Le validisme désigne un système d’oppression ; handicapé.es sont les personnes catégorisées et empêchées par le validisme. Il y a une production sociale du handicap, qui peut être imposé, reconnu, non reconnu ; et donner lieux à des empêchements divers.

Il ne s’agit pas de pures construction sans fondements corporels. Derrière, il y a des vécus quotidiens remplis de dysfonctionnements et de douleurs. La matérialité de nos troubles ne doit pas être oubliée, sous prétexte de focaliser sur la construction sociale de nos empêchements.

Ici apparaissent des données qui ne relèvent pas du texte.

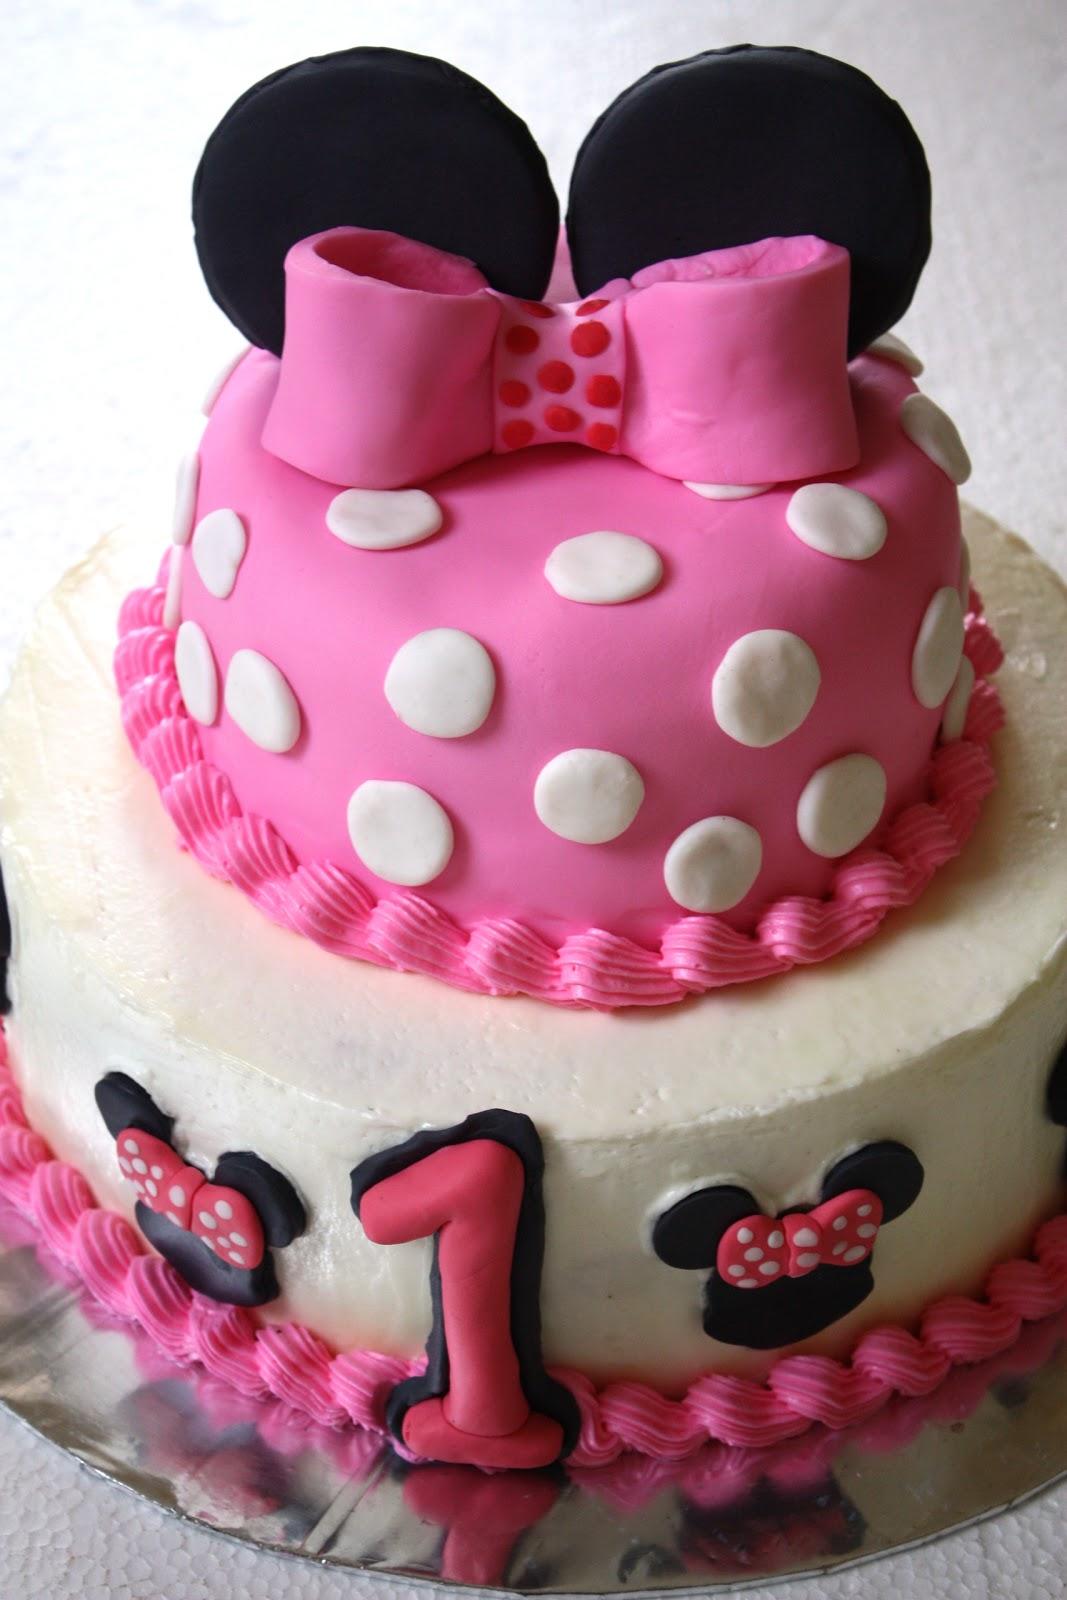 Gambar Kue Ulang Tahun Lucu Dan Cantik Gambar Viral Hd

Raconter mon expérience personnelle avec mon trouble est une démarche très importante pour moi : afin de dire à tant d’autres « tu n’es pas seul.e », afin de faire prendre conscience du quotidien réel, afin de travailler à partir de ma vie concrète, et non pas seulement d’abstractions. J’ai deux manières de raconter cette expérience :

  • la première est ancrée dans l’expérience et l’introspection, en faisant beaucoup de place aux émotions (De la douleur à la souffrance).
  • la deuxième repose sur une démarche explicative, piochant dans les savoirs médicaux, donnant un aperçu des causes, des cycles, des systèmes d’interaction (Troubles troublant).

De la douleur à la souffrance

Ce qui m’a poussé à cette démarche, premièrement et fondamentalement, c’est cette terrible douleur… comme si la dessiner pouvait la faire sortir ; comme si la faire comprendre pouvait réduire le désespoir et les souffrances qu’elles cause.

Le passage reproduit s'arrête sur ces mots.